:: Information shown ::

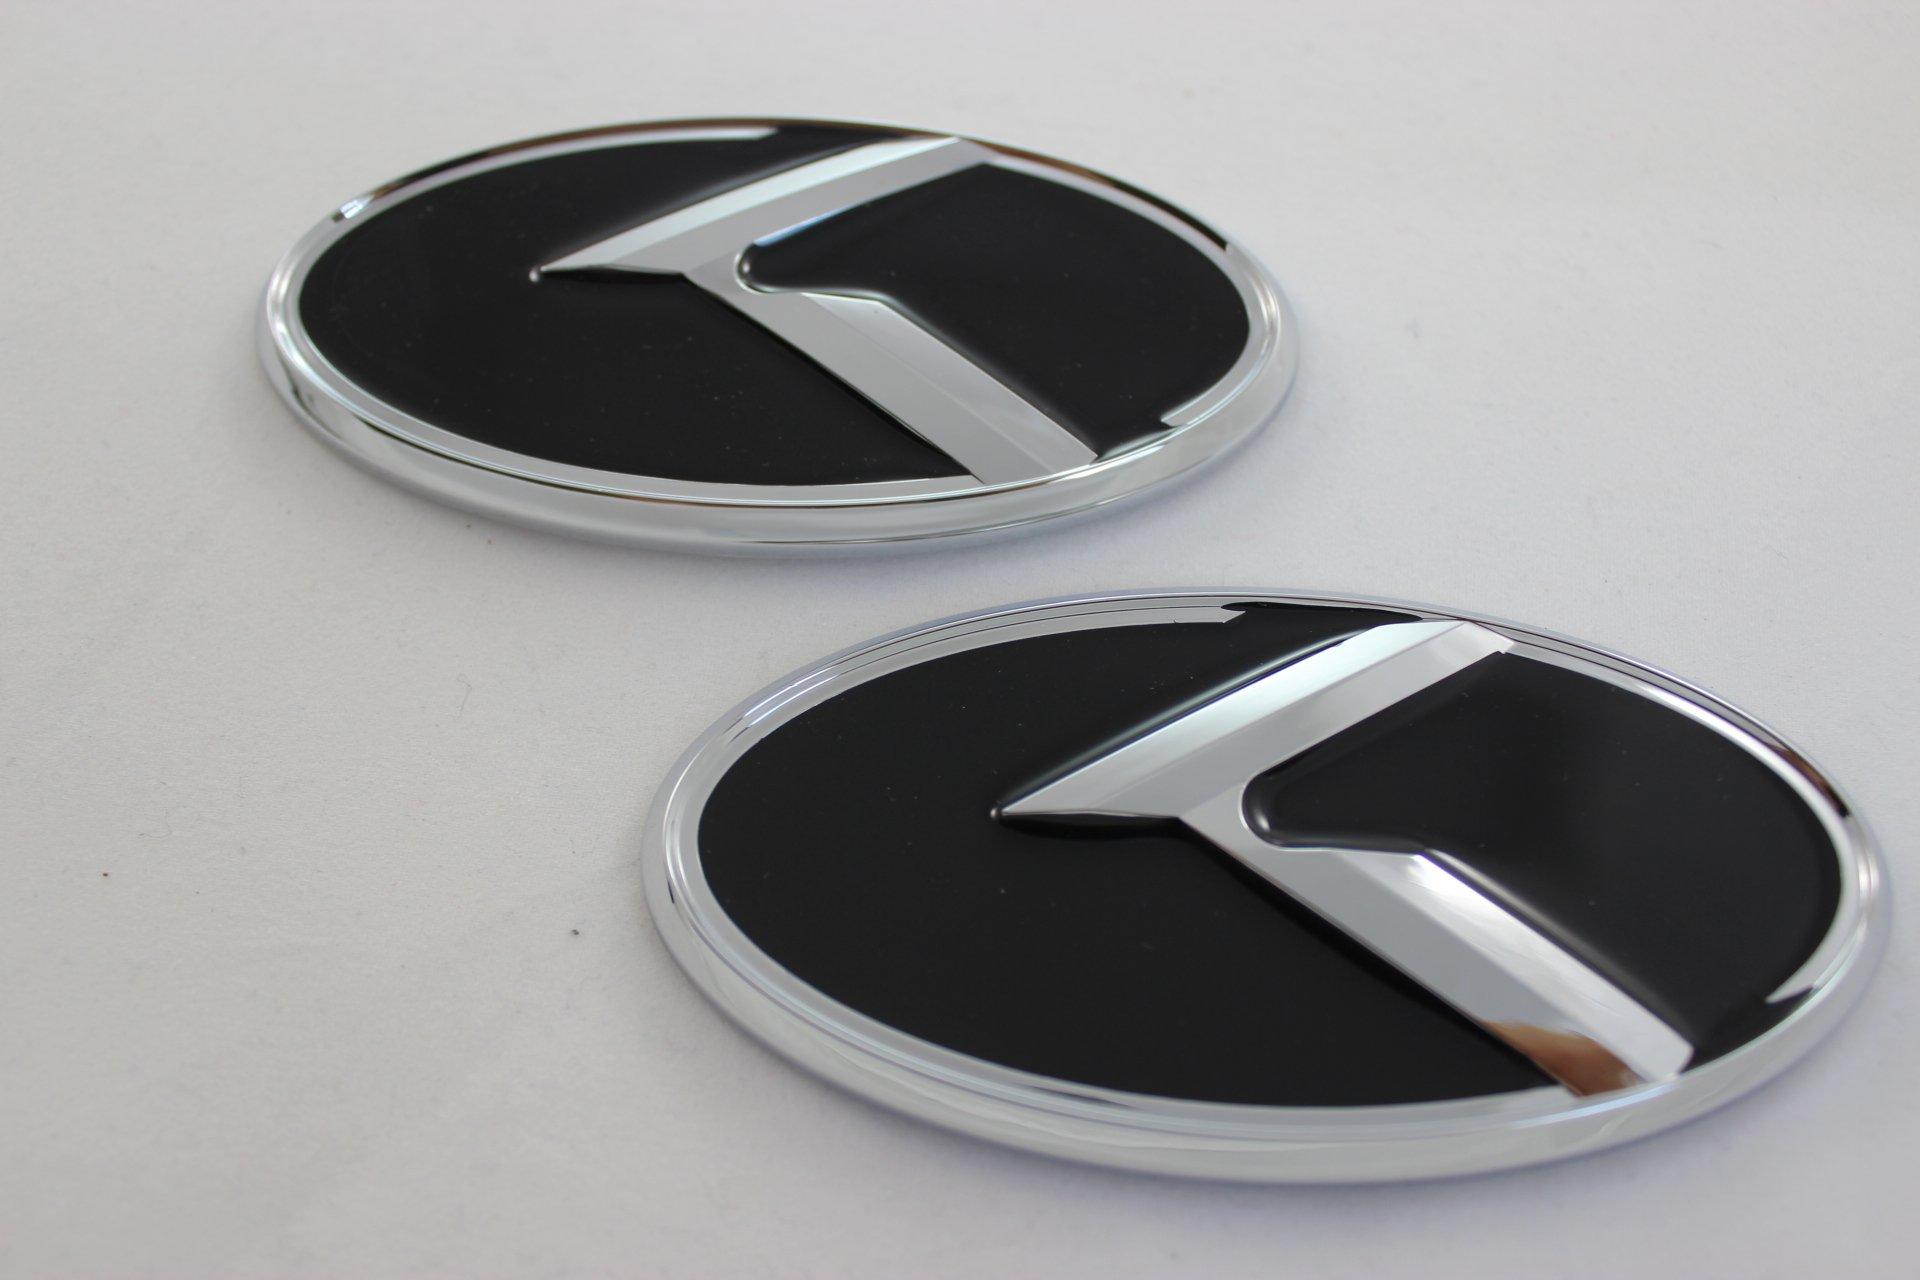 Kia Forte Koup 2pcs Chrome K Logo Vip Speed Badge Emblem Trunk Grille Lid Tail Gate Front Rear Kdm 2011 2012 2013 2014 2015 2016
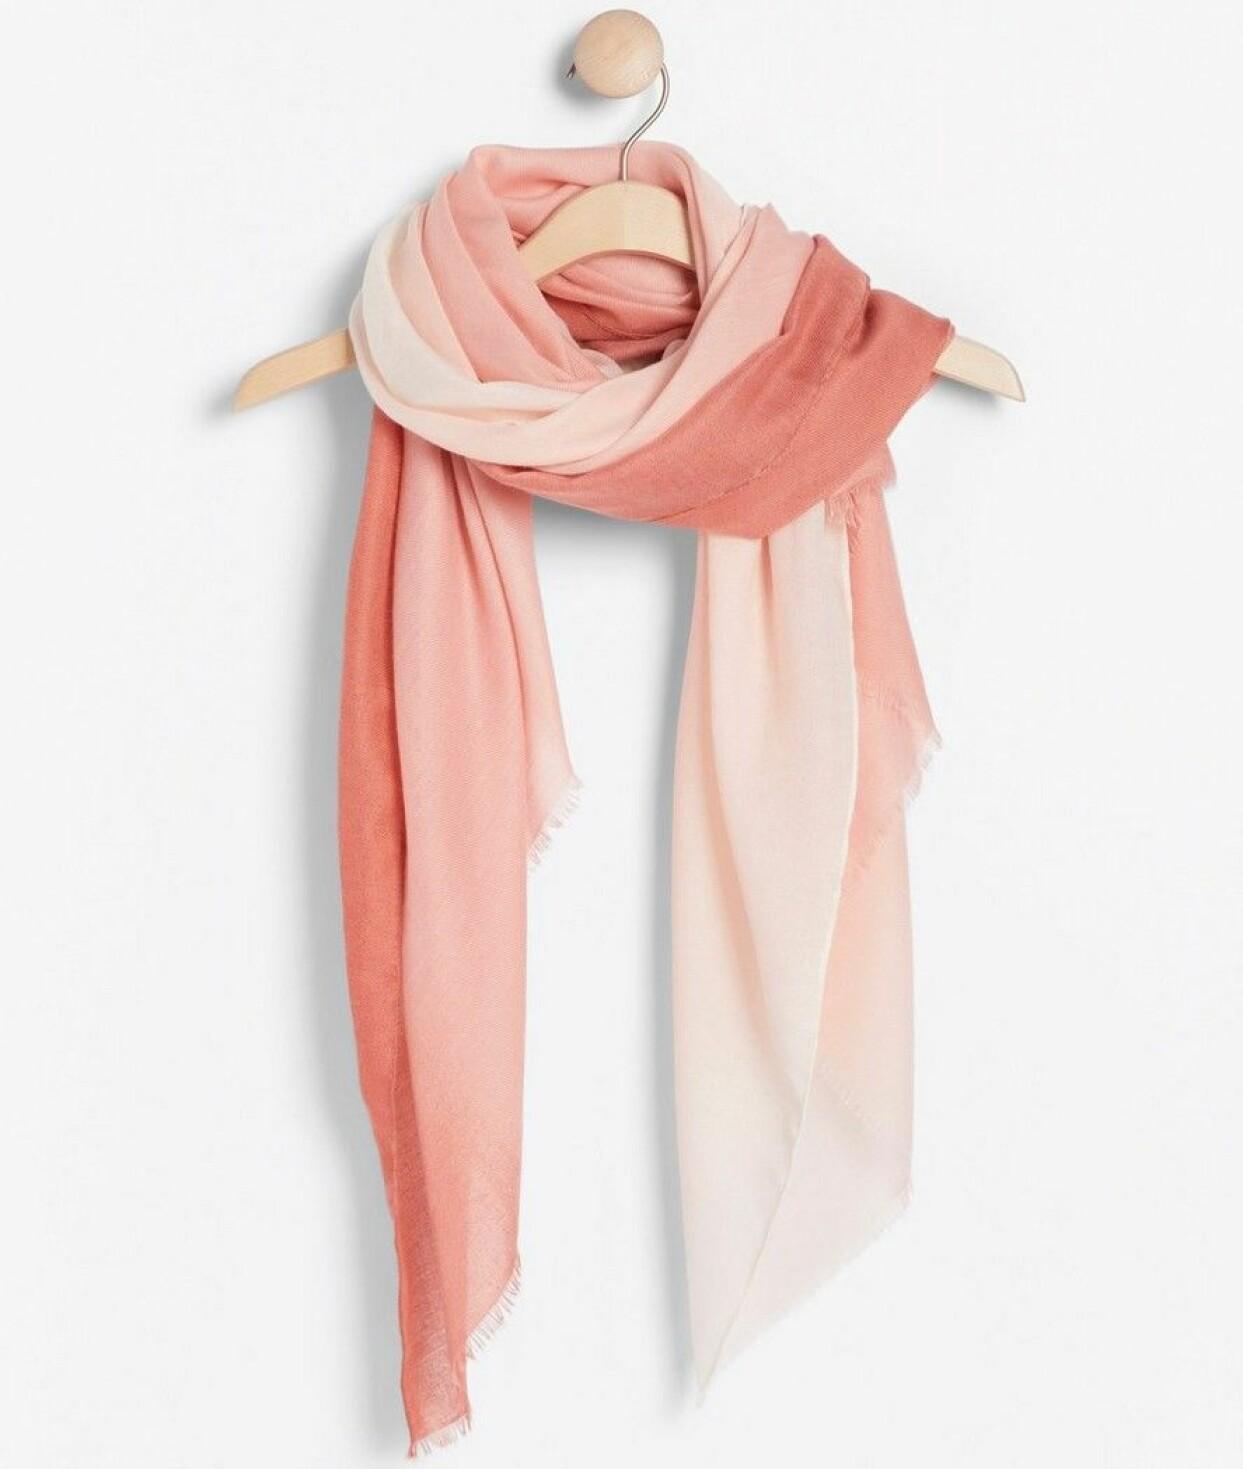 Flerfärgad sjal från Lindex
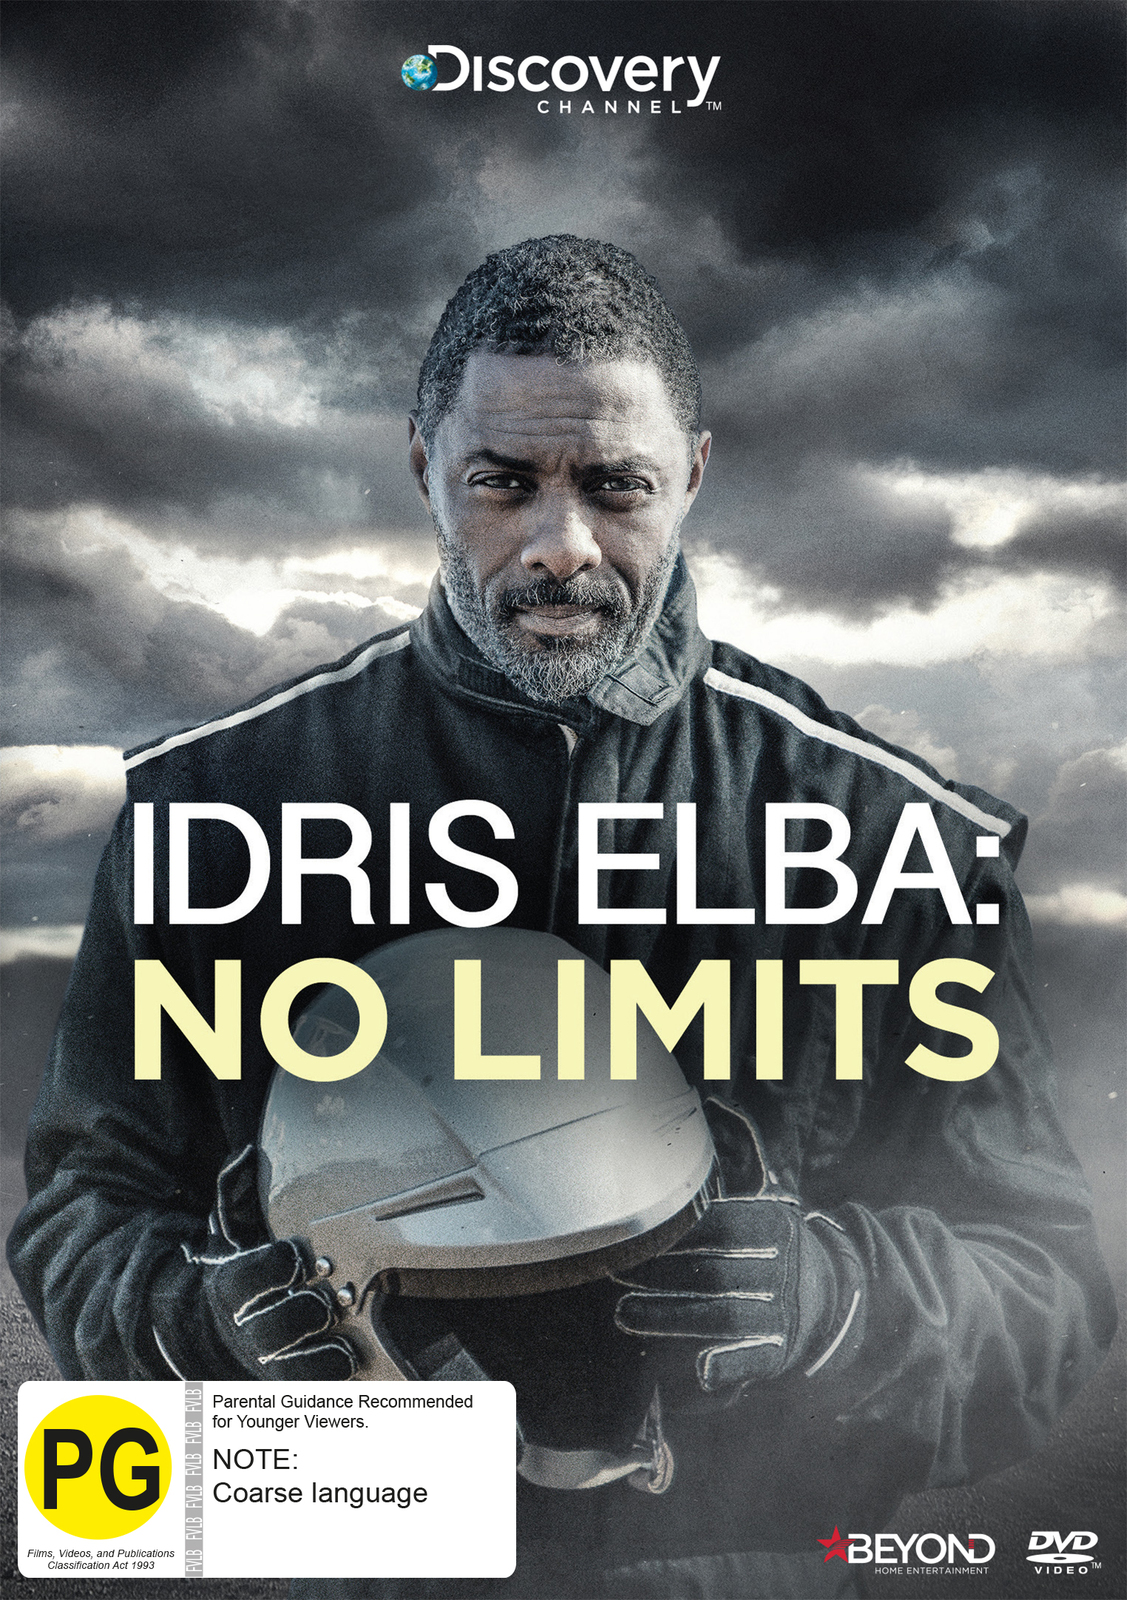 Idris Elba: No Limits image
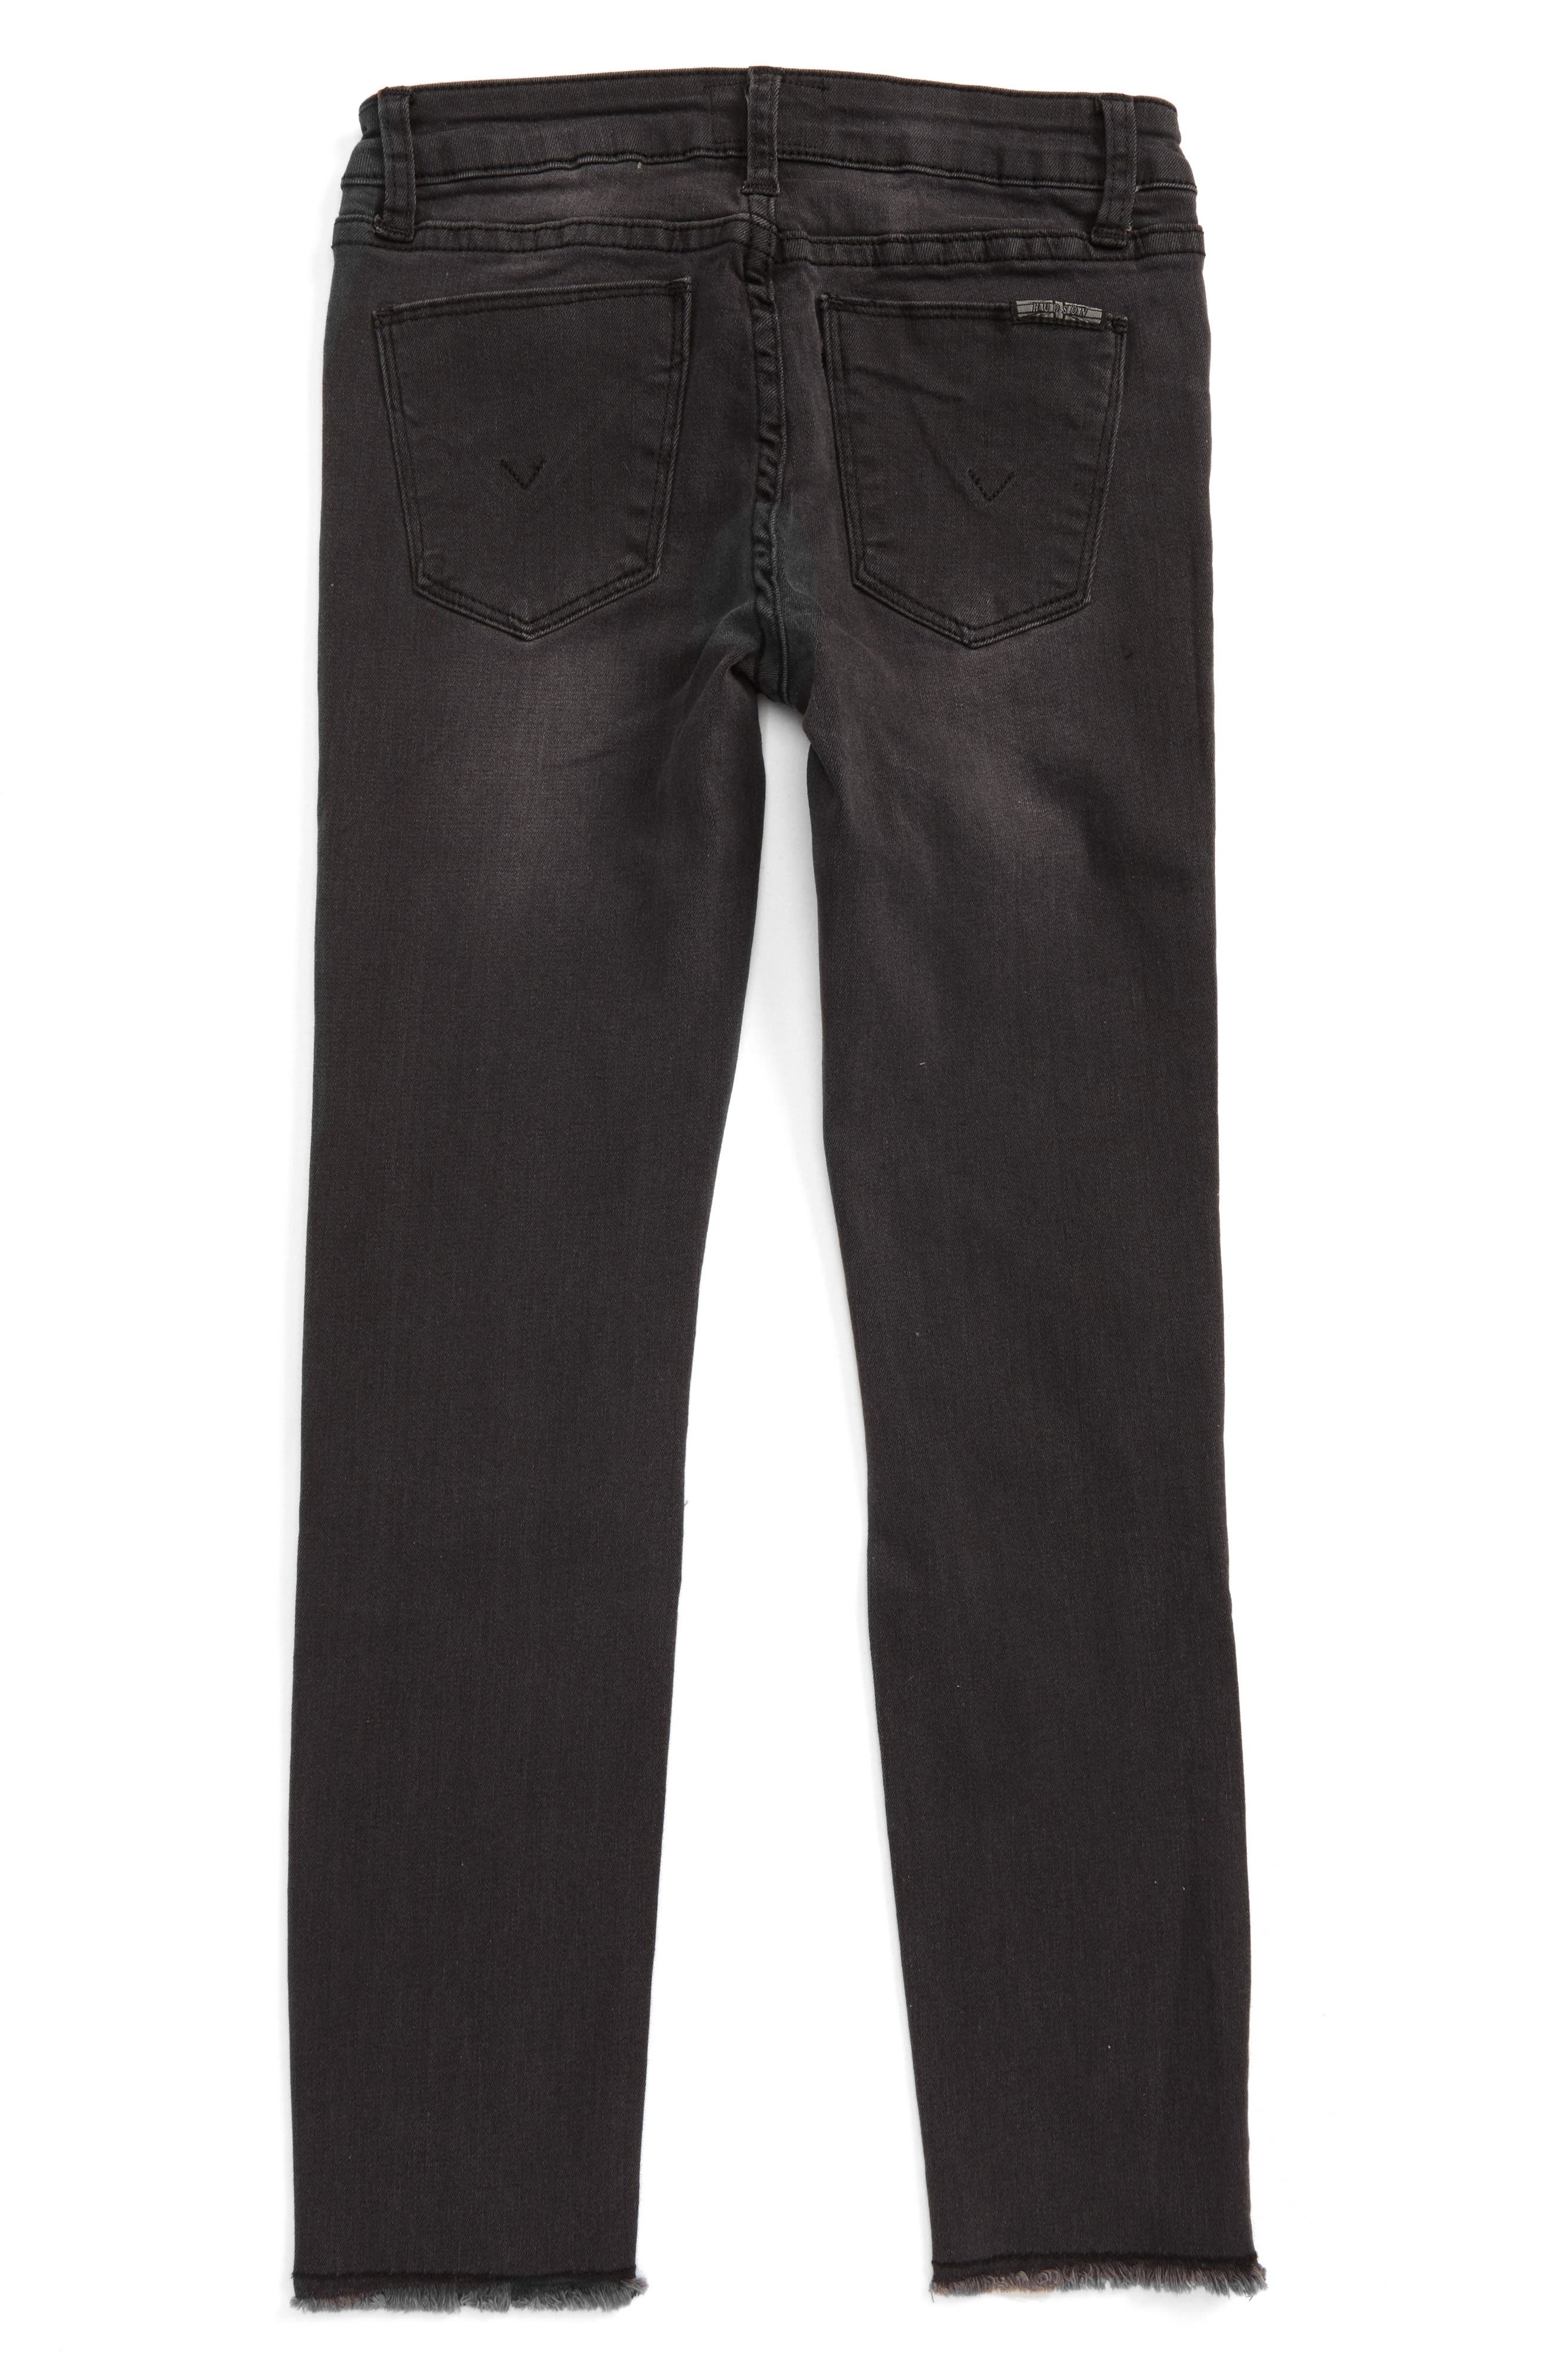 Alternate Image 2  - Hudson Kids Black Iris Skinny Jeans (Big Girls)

:::

- _Instructions to follow_
Retype the line containing "Flerfärgad sjal från Lindex" and all lines after it to the end of the material, exactly as written, leaving out any pictures.

- _Answer for this exercise_
 Flerfärgad sjal från Lindex
 Idris Elba: No Limits image
 Alternate Image 2  - Hudson Kids Black Iris Skinny Jeans (Big Girls)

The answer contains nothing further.